PROBLEM
The result should be the listing below restated word for word, with images left out.

DATA SEGMENT
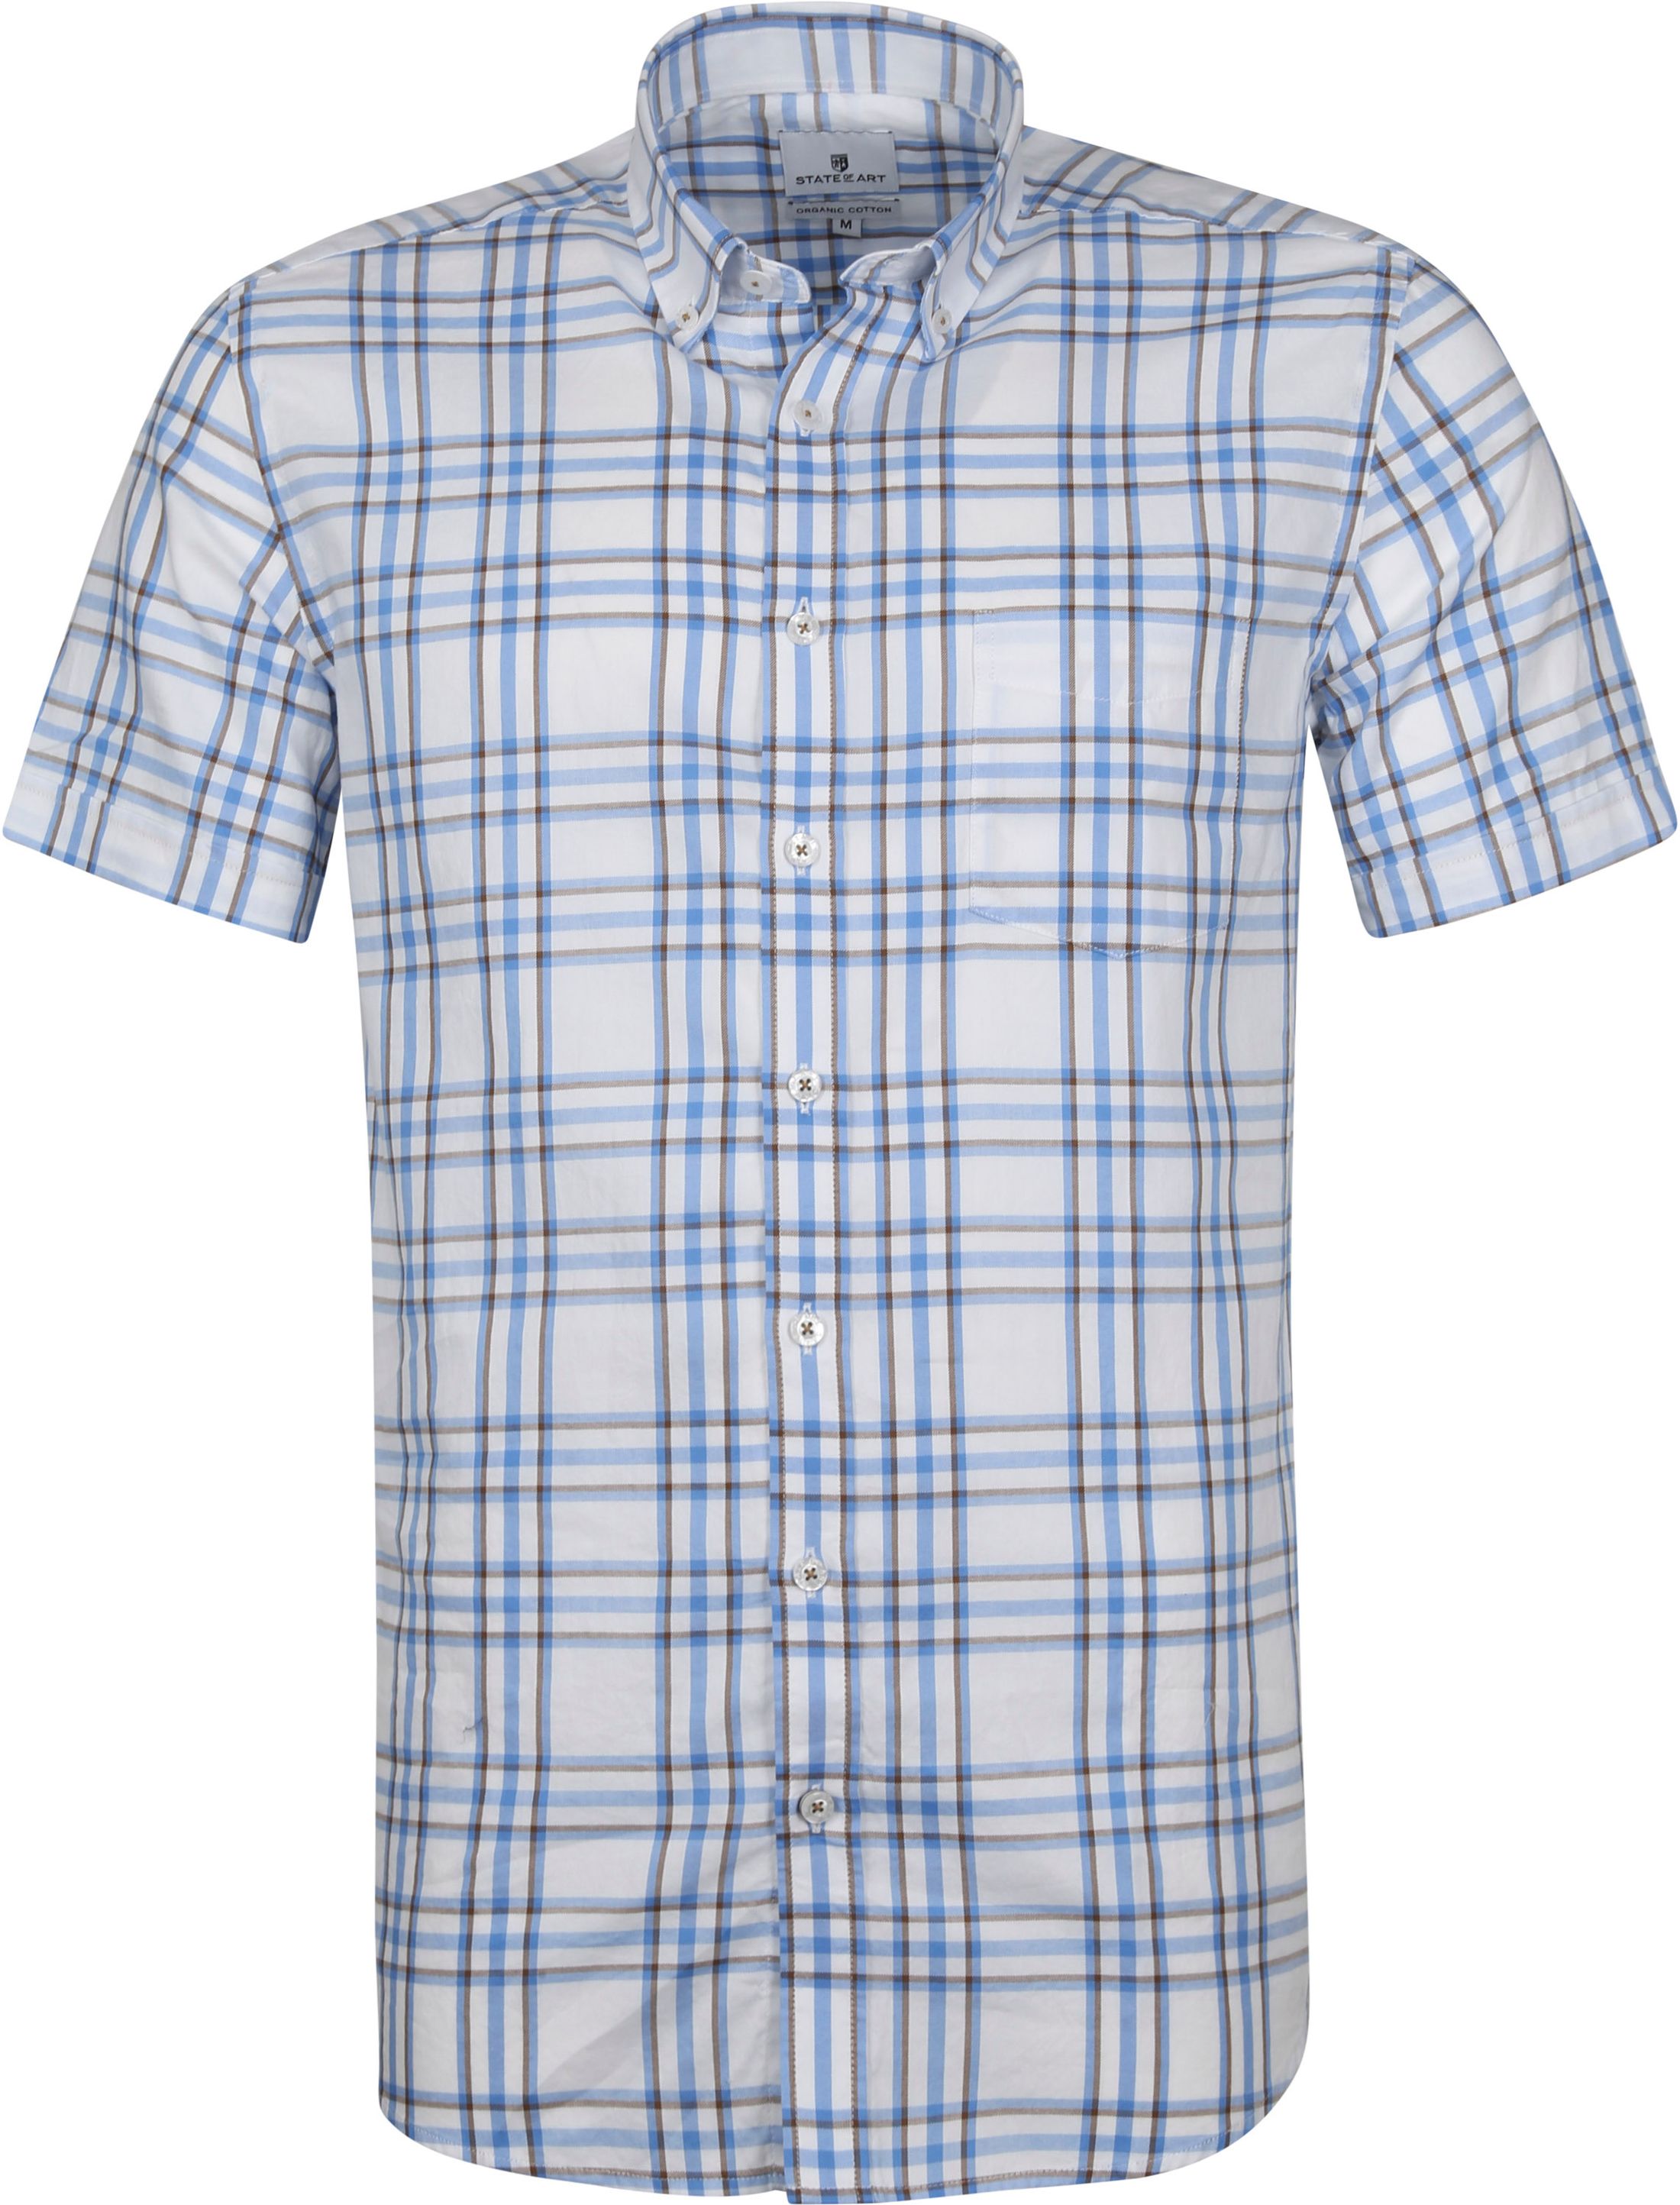 State Of Art Shortsleeve Shirt Checkered Blue size 3XL
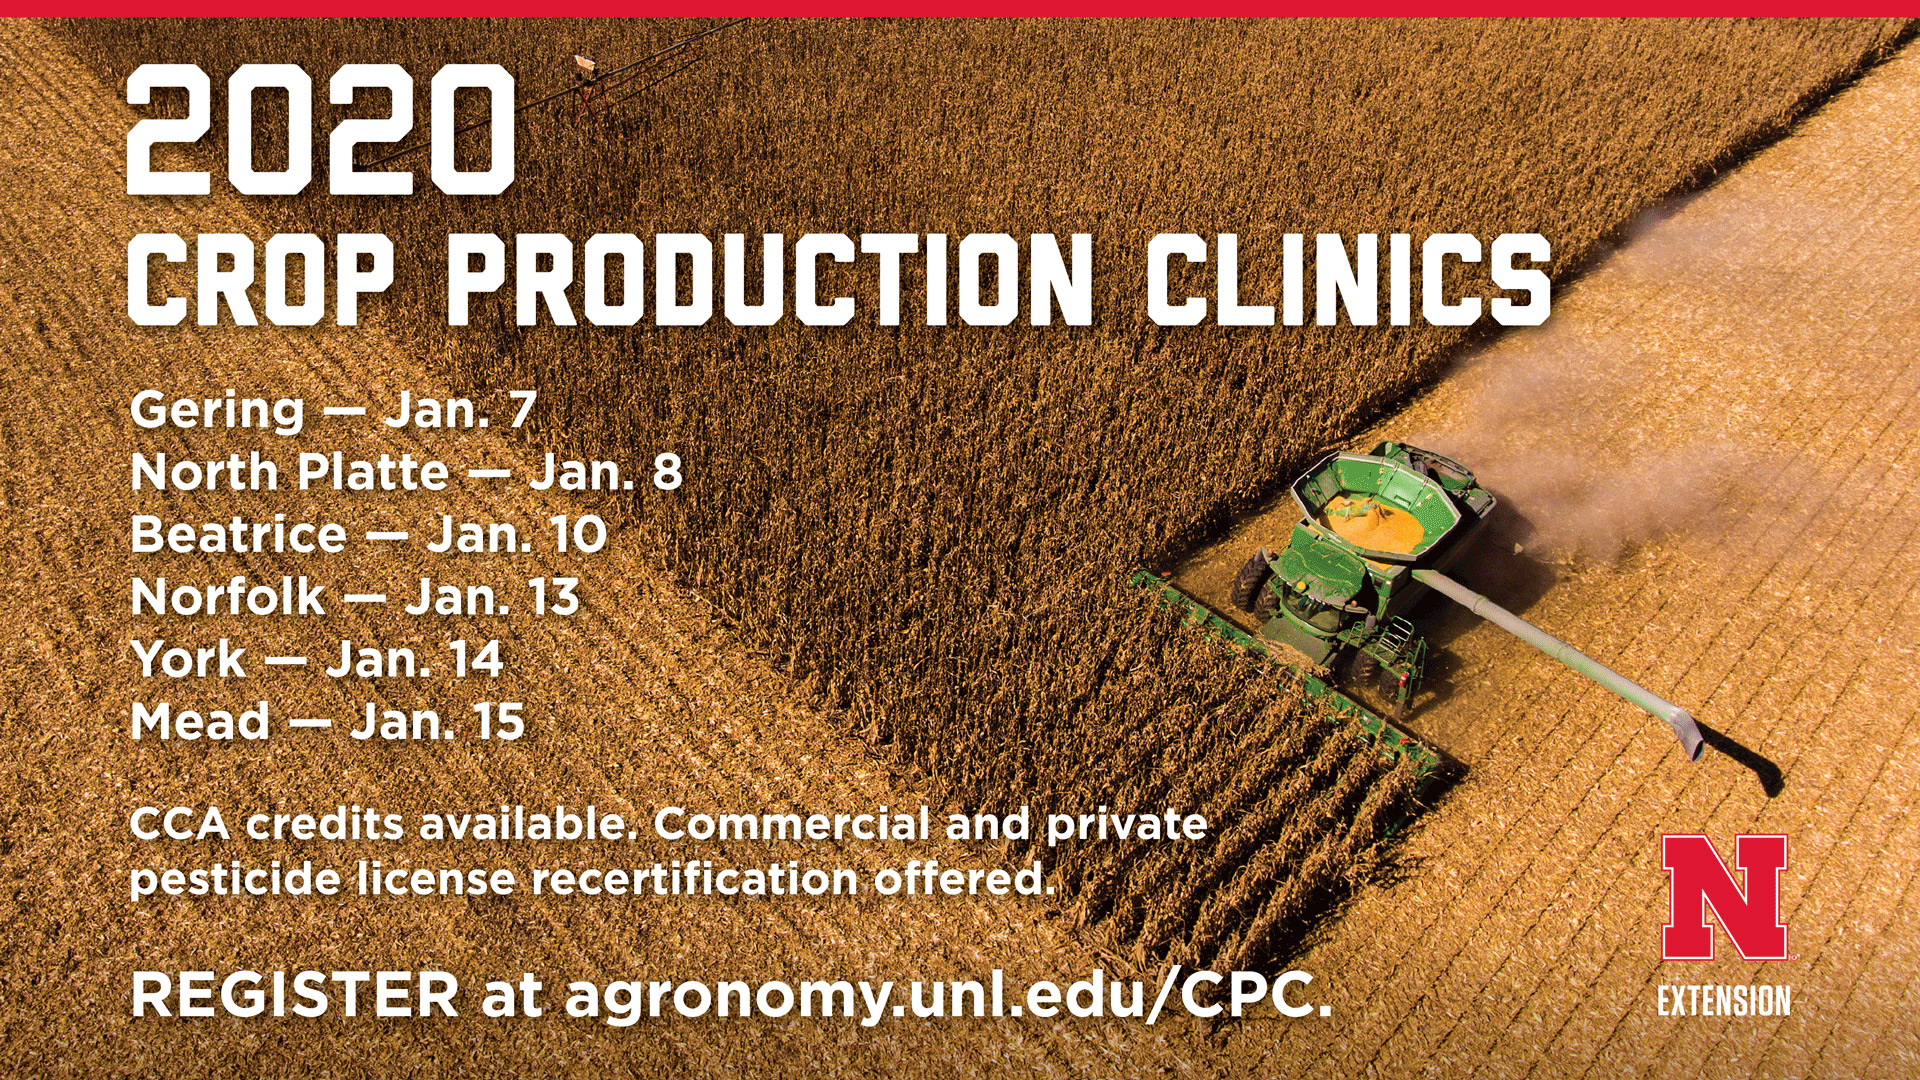 Nebraska Extension Crop Production Clinics
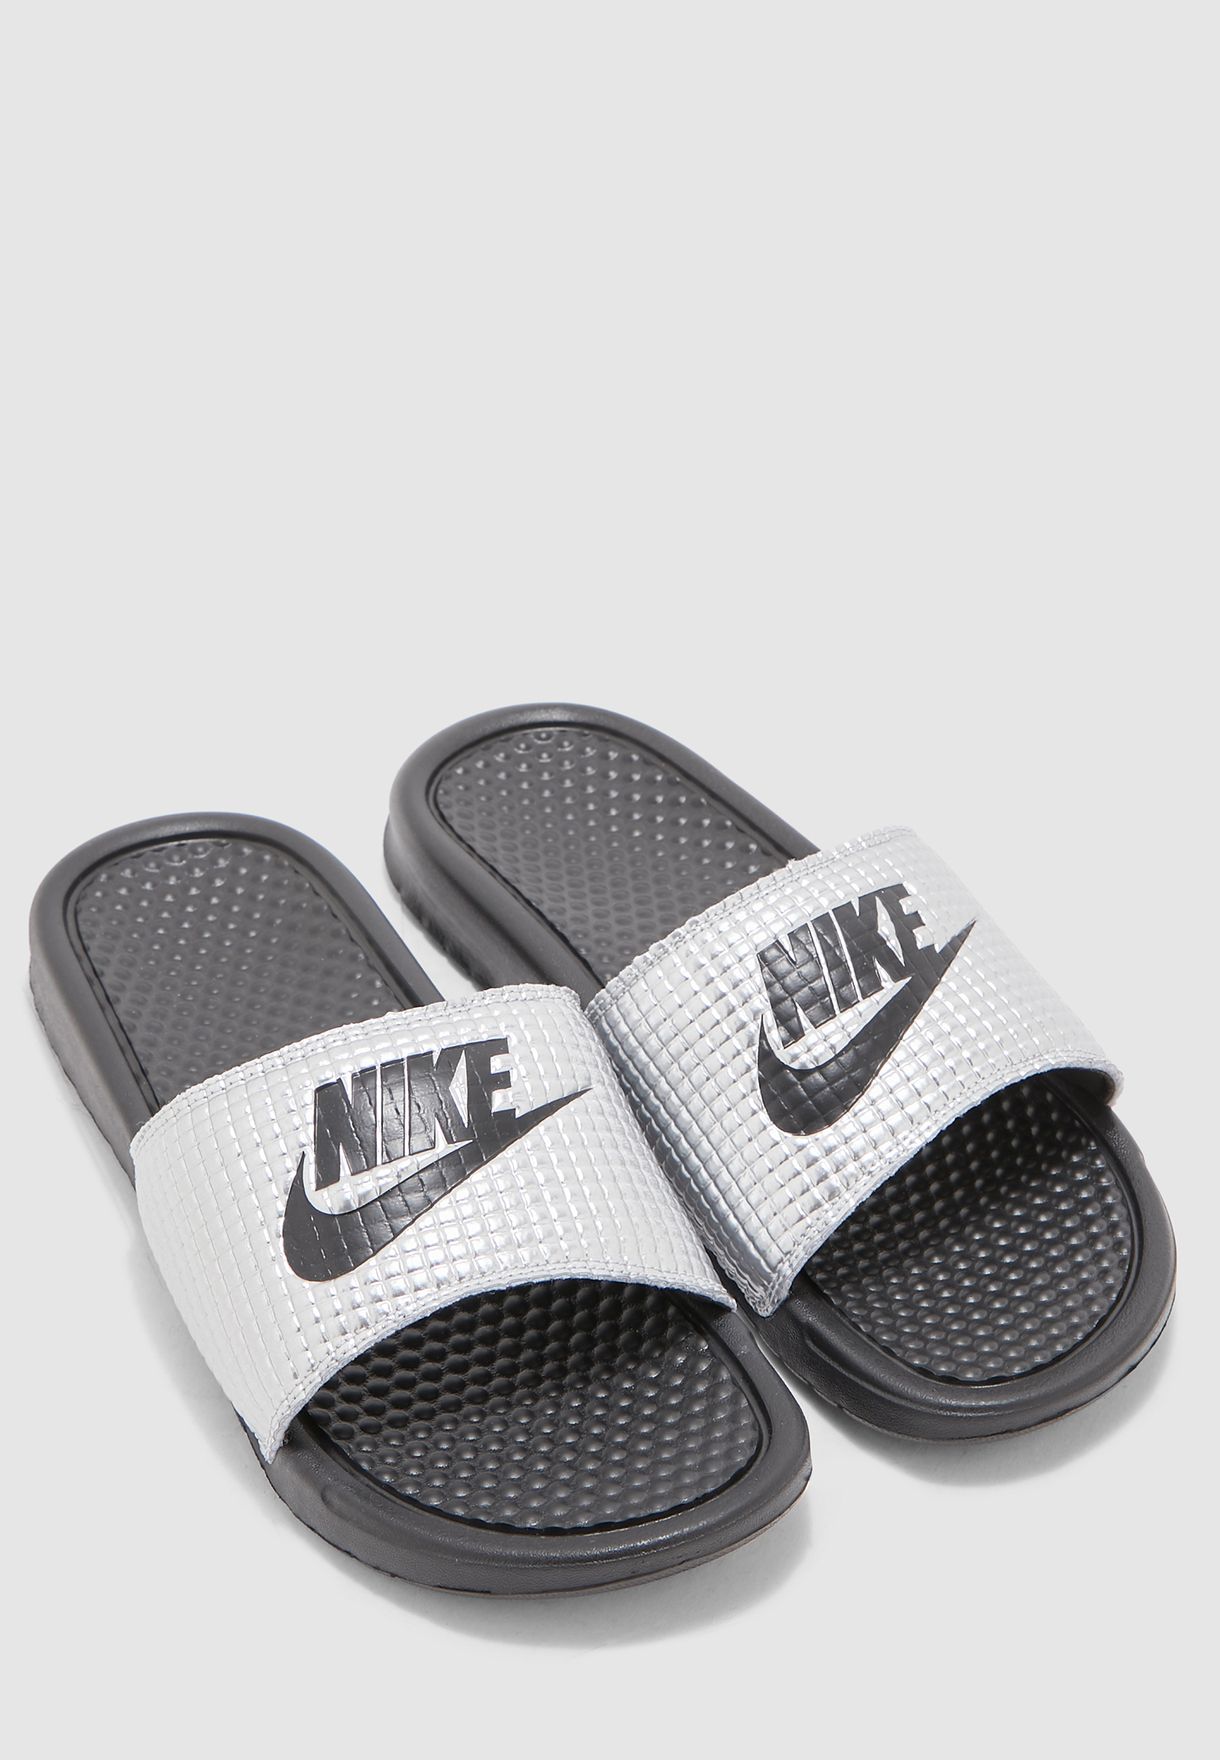 where can i buy nike sandals

RESULT BELOW
 State Of Art Shortsleeve Shirt Checkered Blue size 3XL
 Nebraska Extension Crop Production Clinics
 where can i buy nike sandals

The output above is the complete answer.